The Moreau Quartet: Volume One: 1
Nohar didn’t want to hear this. He was grateful that Harsk was a pink and couldn’t smell the emotions off him.
“Datia was a dyed in the wool psycho who left about half his mind in Afghanistan. A lot of humans don’t understand why hundreds of moreys followed the bullshit he spouted. Datia, at the end, didn’t believe it either. Could’ve been anyone, though, That August was too tense, too hot, too unstable. Moreytown was primed, anyone could have touched the spark—A lot like it’s been lately.”
There was silence in the room. It stretched out for a long time. “What are you getting at, Harsk?”

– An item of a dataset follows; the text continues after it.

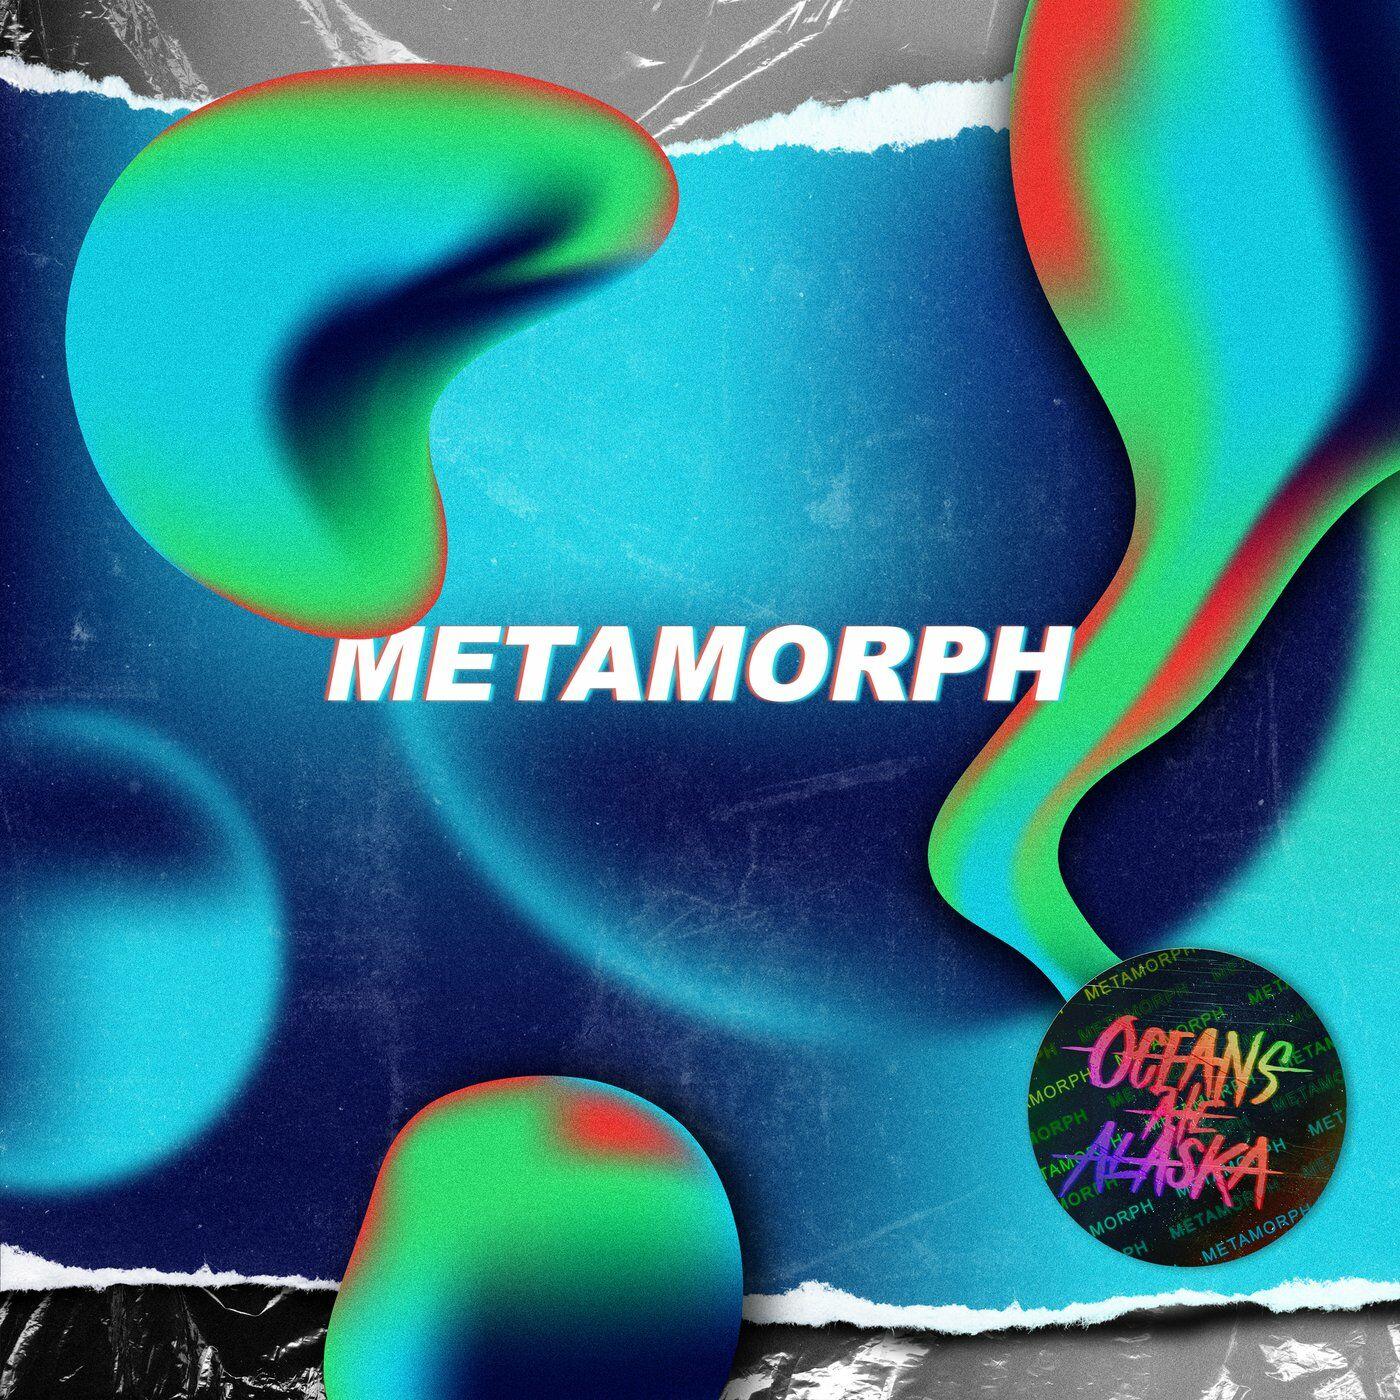 Oceans Ate Alaska - Metamorph [single] (2020)

Harsk shook his head. “You blind SOB. Do I need to spell it out for you? Six people in the department and two National Guardsmen were with your dad when he croaked. He mentioned you. His ramblings are in the official transcripts. It’s just that no one has cross referenced them yet. It is only a matter of time before someone in the Fed is going to see how closely this Ziphead thing was engineered to look like the riots, and look up your dad. Poof, all hell breaks loose.”
Harsk stood up. “Does the word scapegoat mean anything to you? What you think McIntyre and Conrad would do if they knew this?”
Nohar felt the world slipping away from him. “They’d think I was . . .”
“—running the show, you shithead. It’s damn lucky me and the DA know different. Though, if it wasn’t for two things, I’d lock you up just to be on the safe side.”
“What two things?”
Harsk sat back down. “Me and the DA think you’d make a great martyr. If you get locked up, or shot, or anything, and word got out of your parentage, that could be the spark that blows everything up again. Right now, we have to deal with the rats—that’s enough.”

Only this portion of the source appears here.